ASSIGNMENT. Reproduce the listing below word for word, with no pictures.

DATA SECTION.
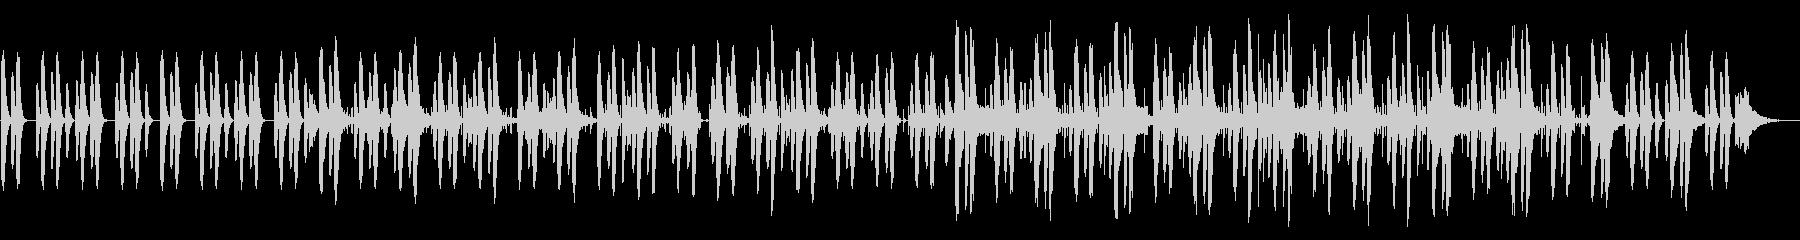 ゆったりほのぼのサウンドの未再生の波形
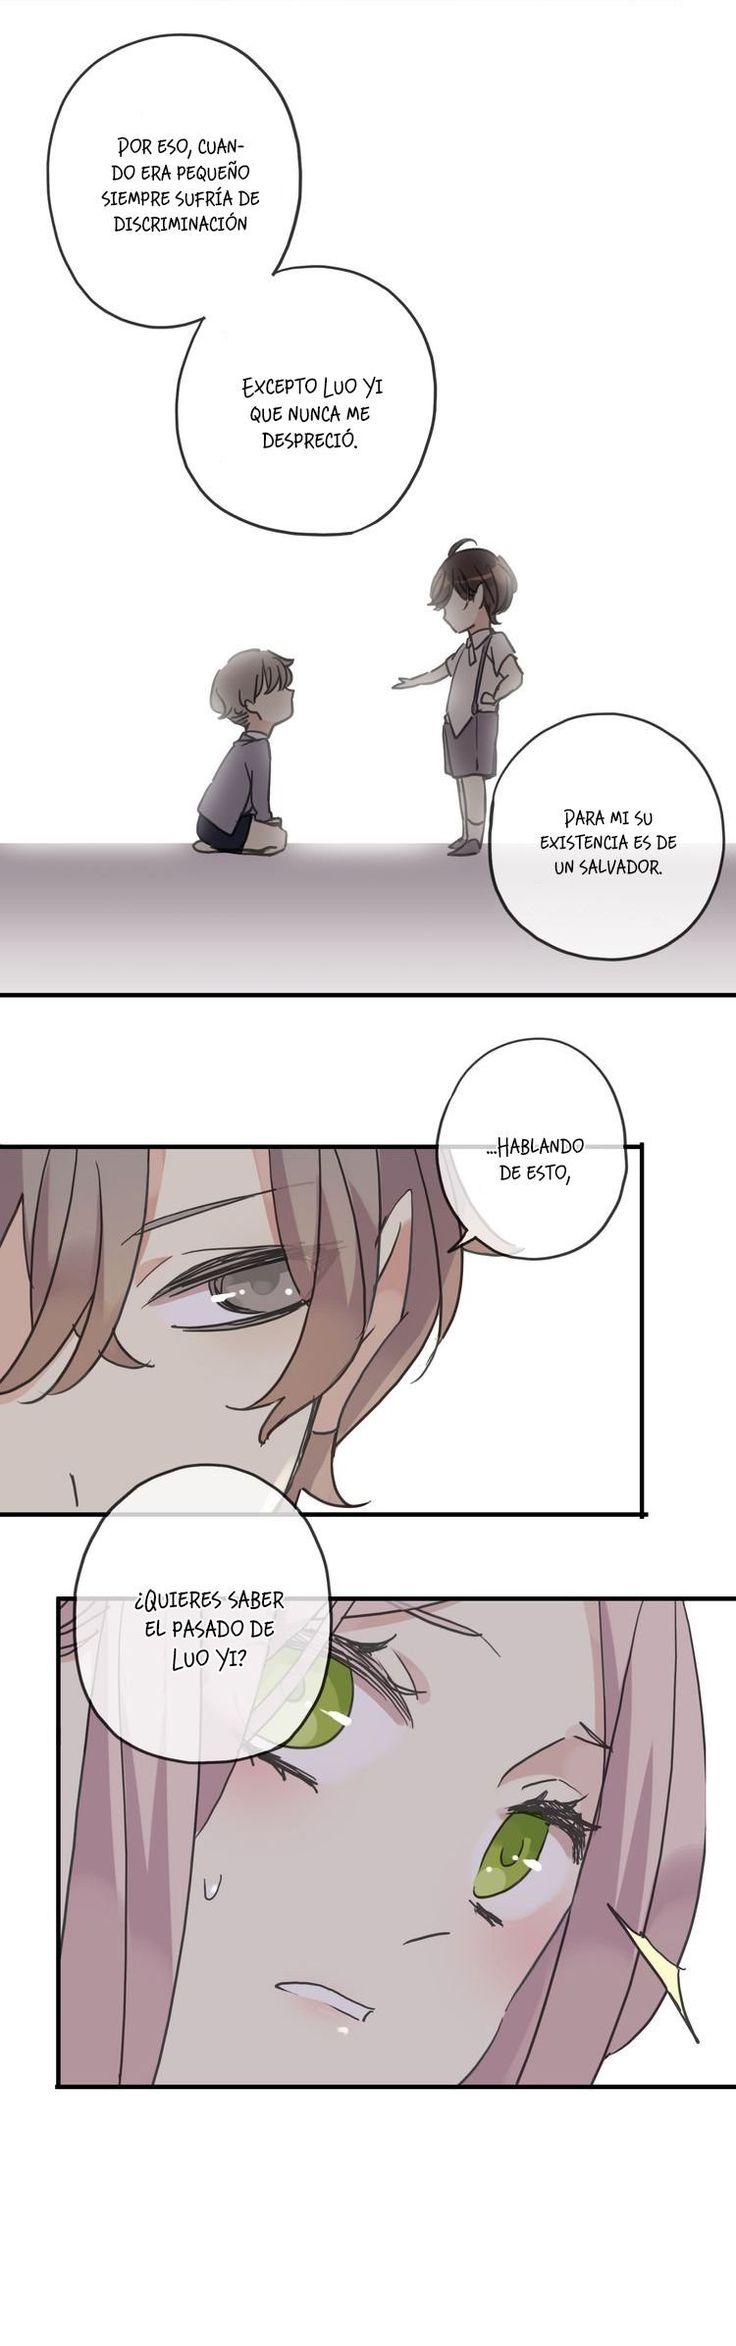 Dulces Mordidas Capítulo 25 página 5 (Cargar imágenes: 10) - Leer Manga en Español gratis en NineManga.com
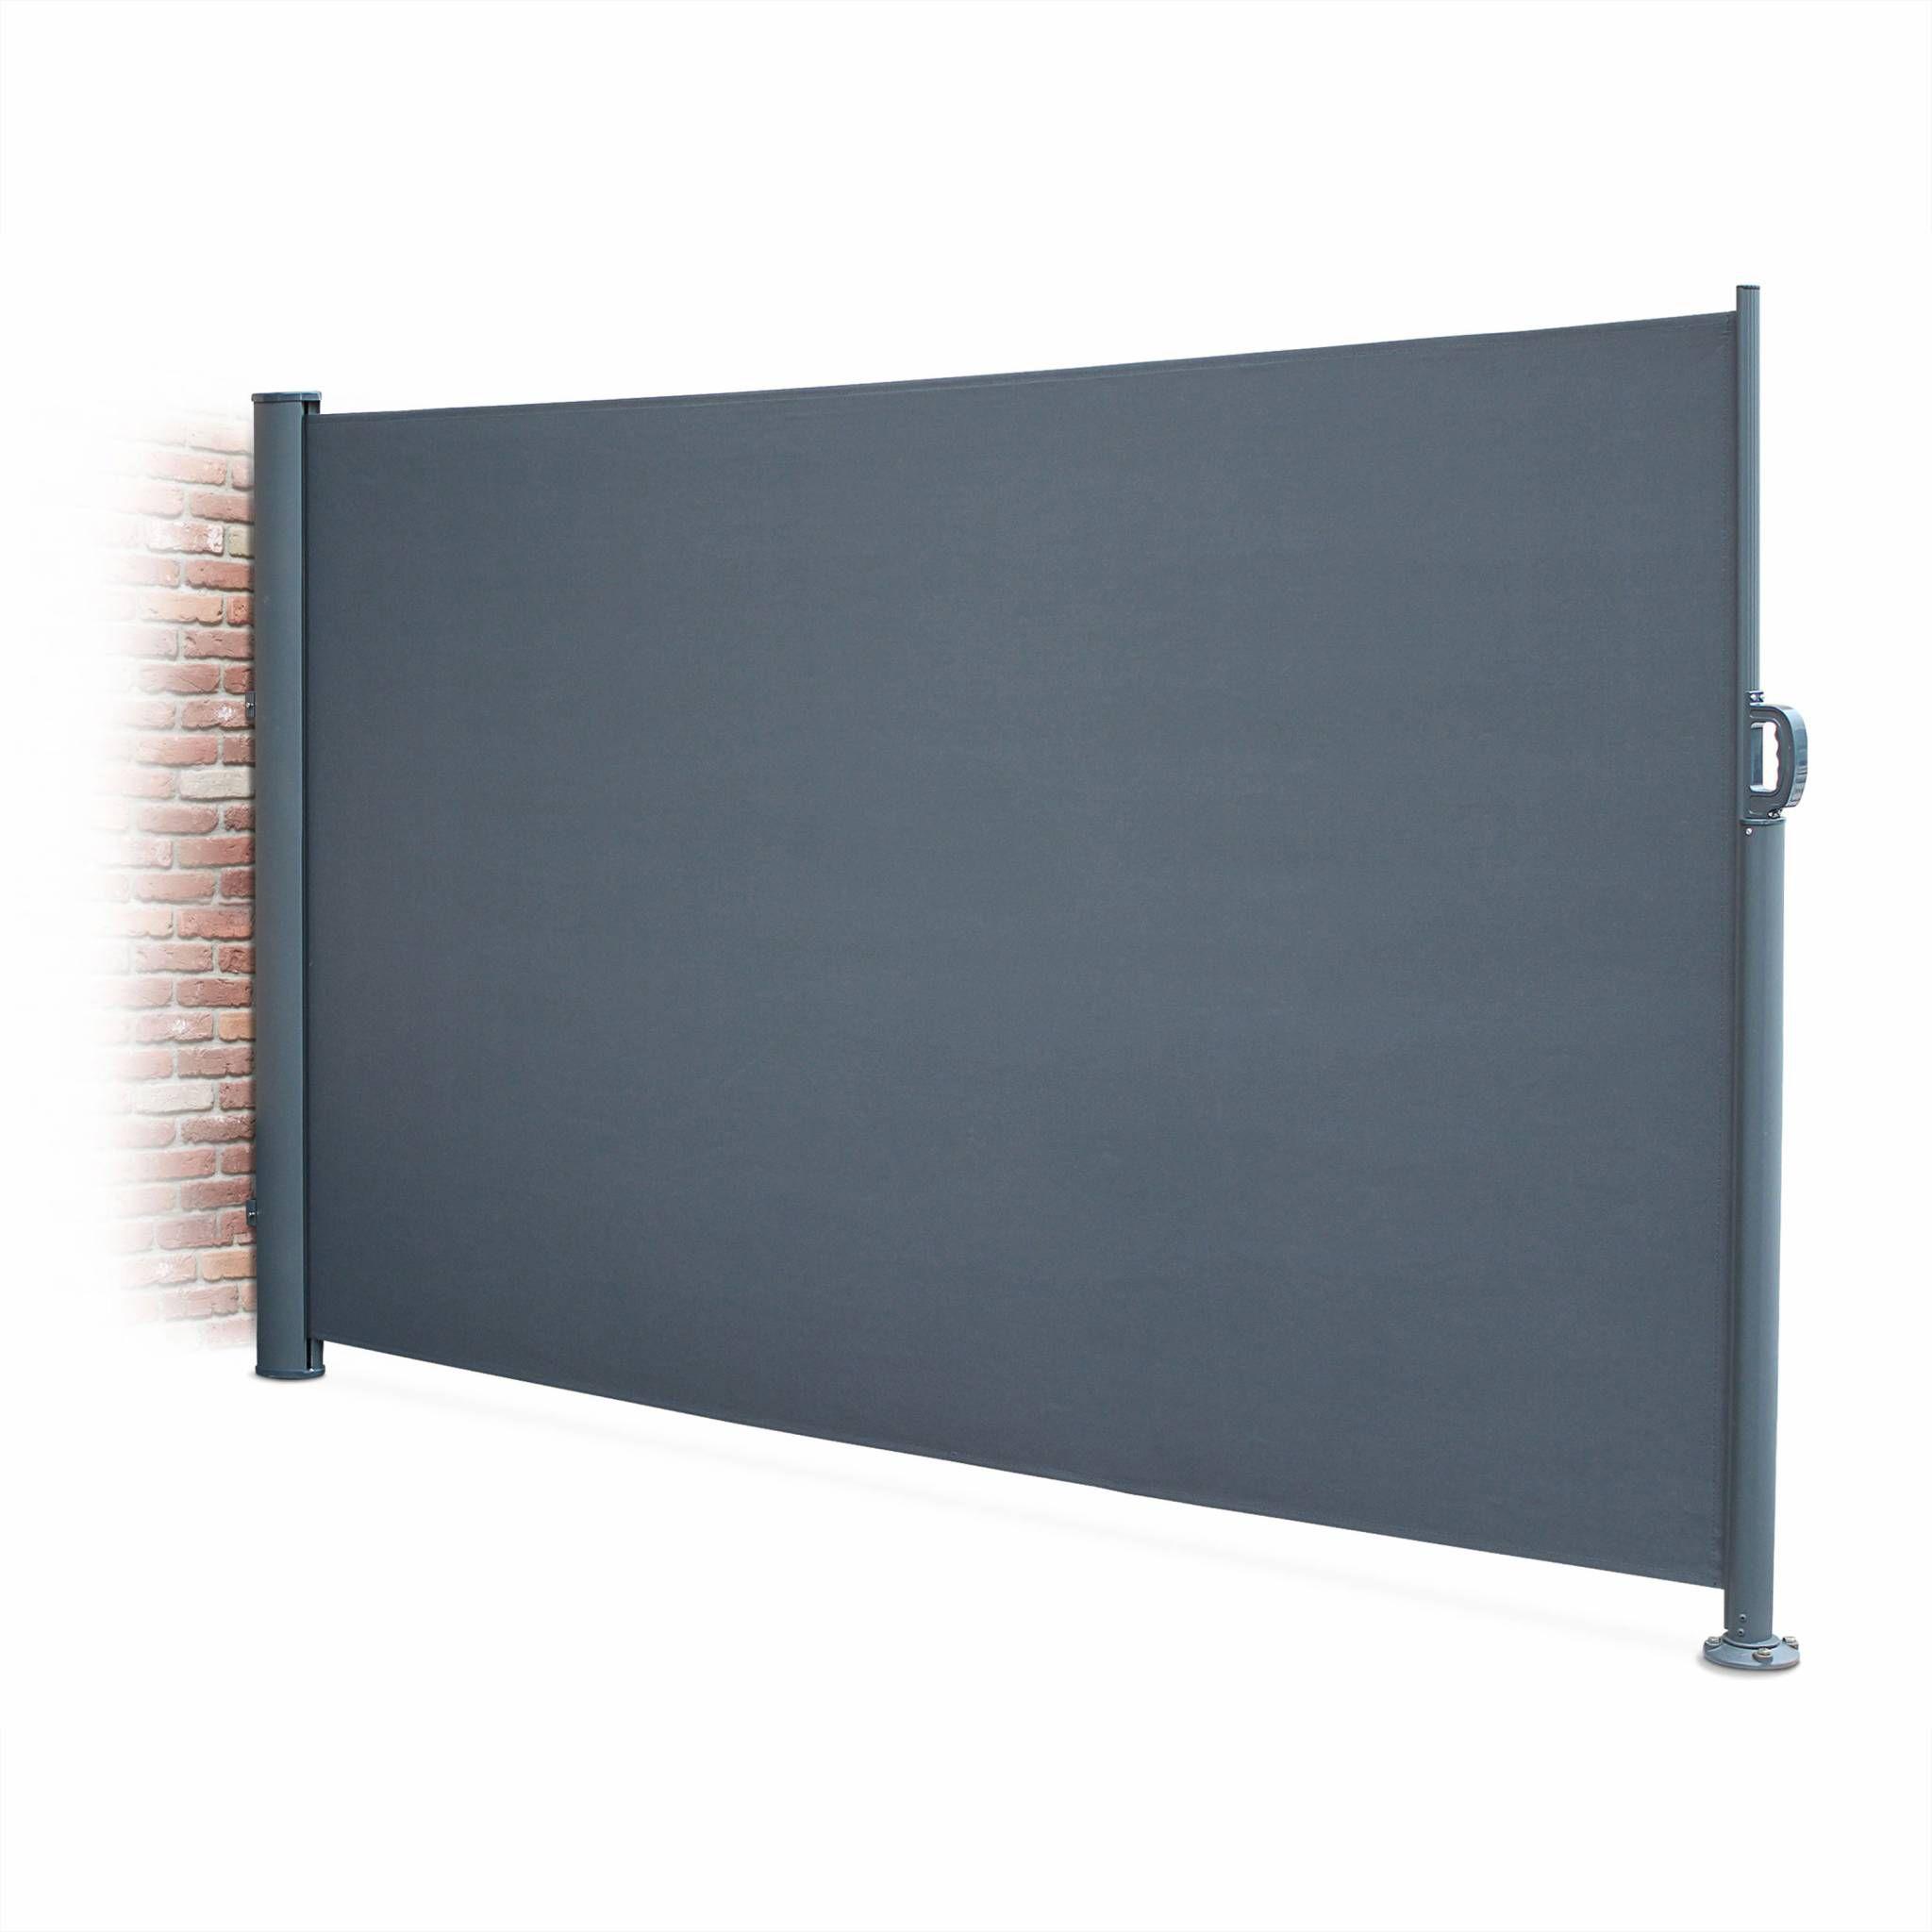 paravent r tractable putti gris 300x160cm brise vue. Black Bedroom Furniture Sets. Home Design Ideas
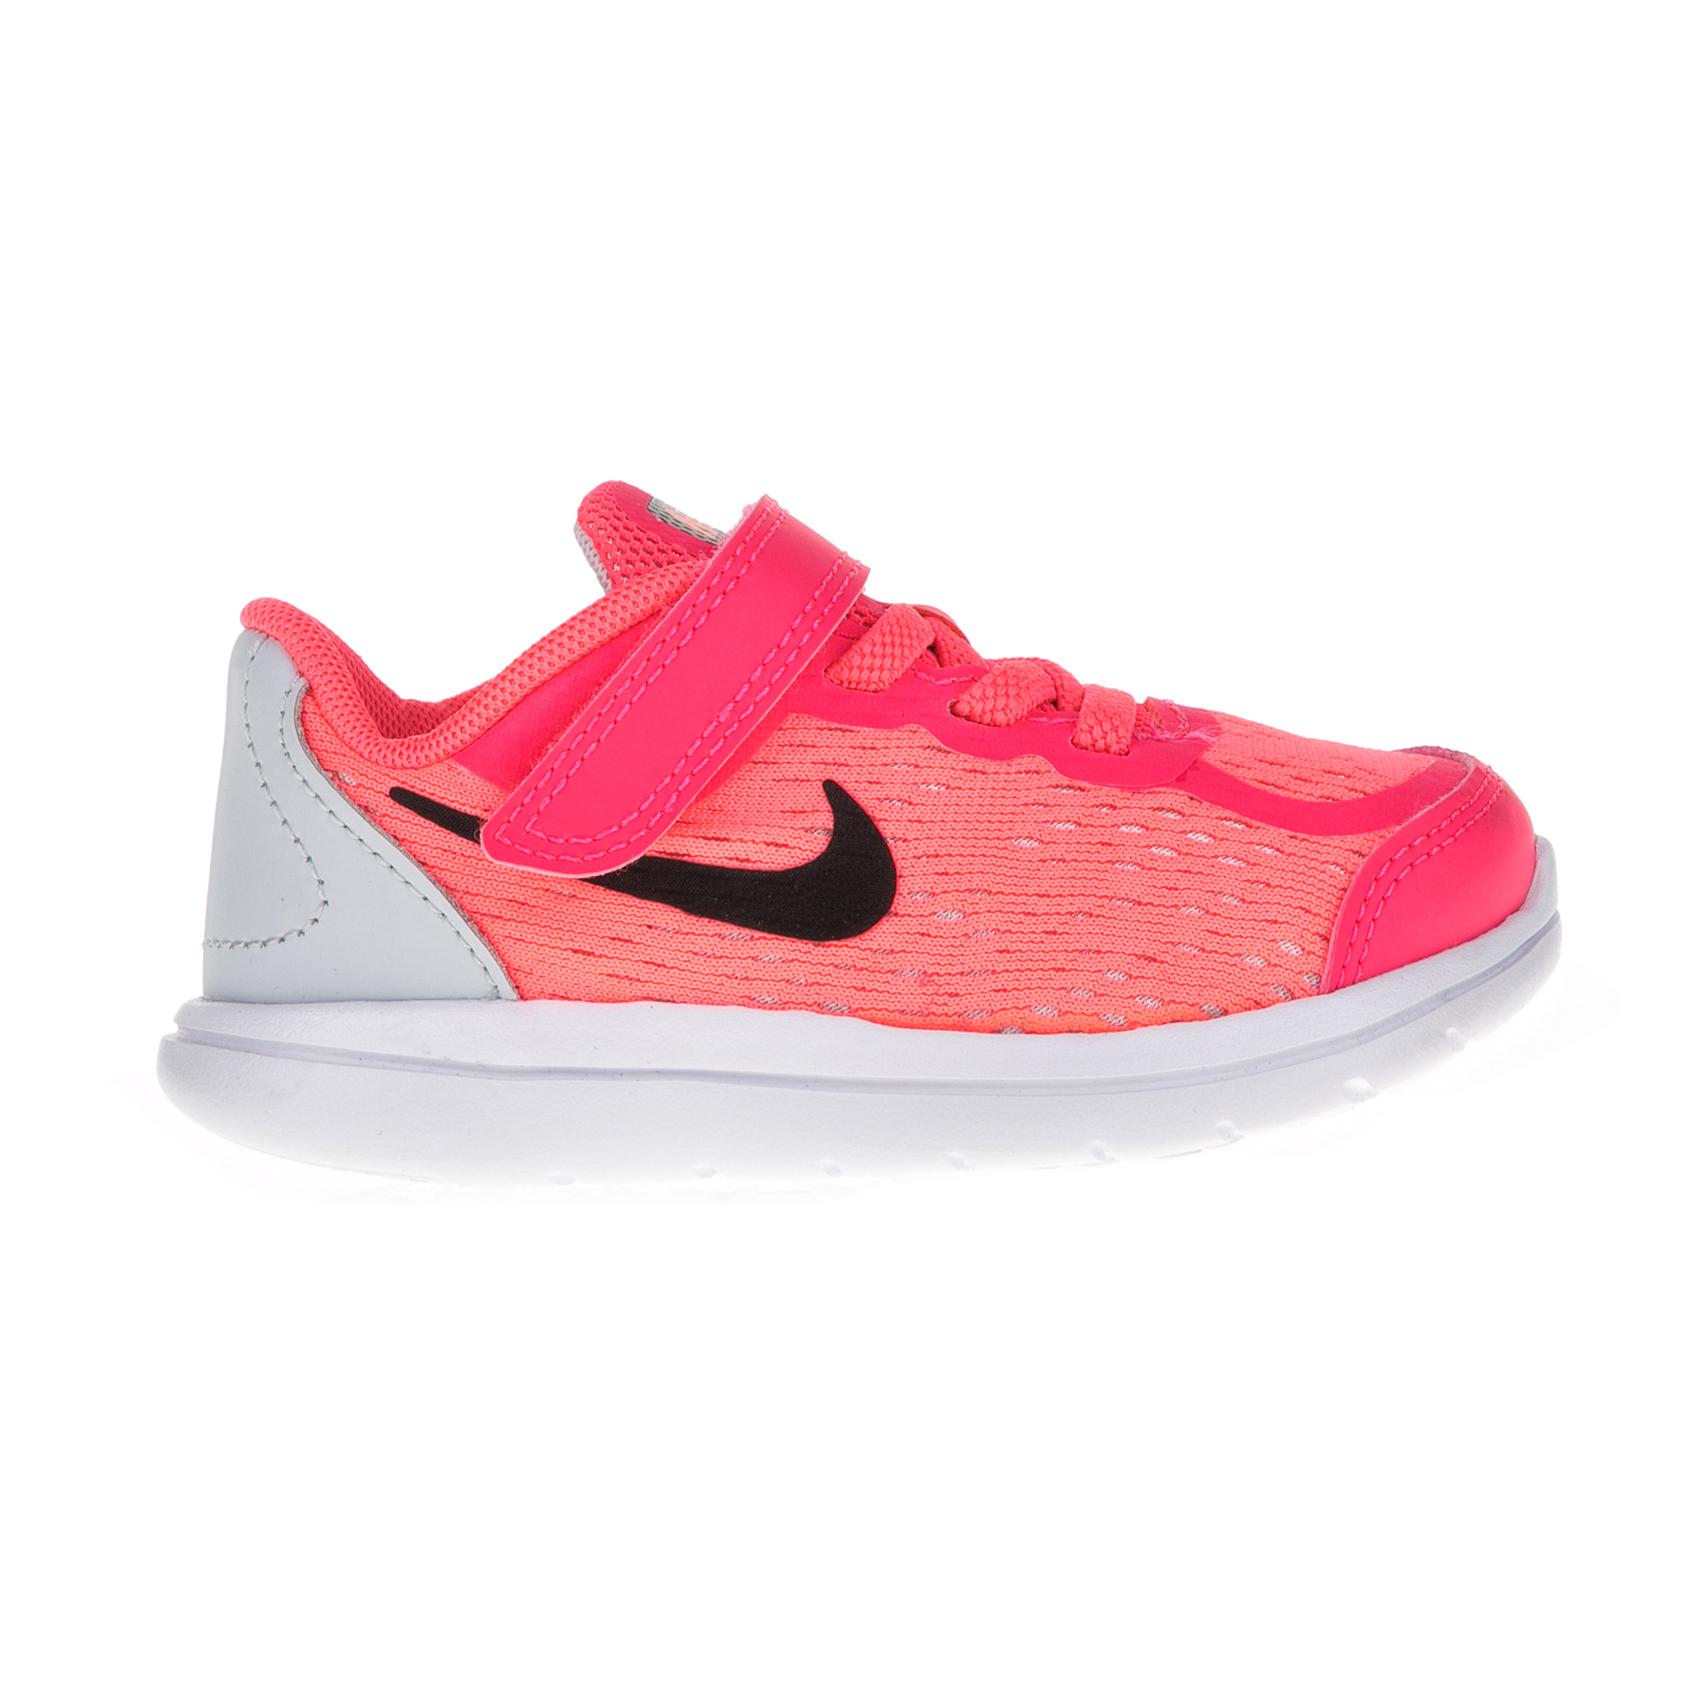 NIKE – Βρεφικά αθλητικά παπούτσια NIKE FLEX 2017 RN (TDV) ροζ

SOLUTION TO THIS EXERCISE.
 ゆったりほのぼのサウンドの未再生の波形
 Dulces Mordidas Capítulo 25 página 5 (Cargar imágenes: 10) - Leer Manga en Español gratis en NineManga.com
 paravent r tractable putti gris 300x160cm brise vue. Black Bedroom Furniture Sets. Home Design Ideas
 NIKE – Βρεφικά αθλητικά παπούτσια NIKE FLEX 2017 RN (TDV) ροζ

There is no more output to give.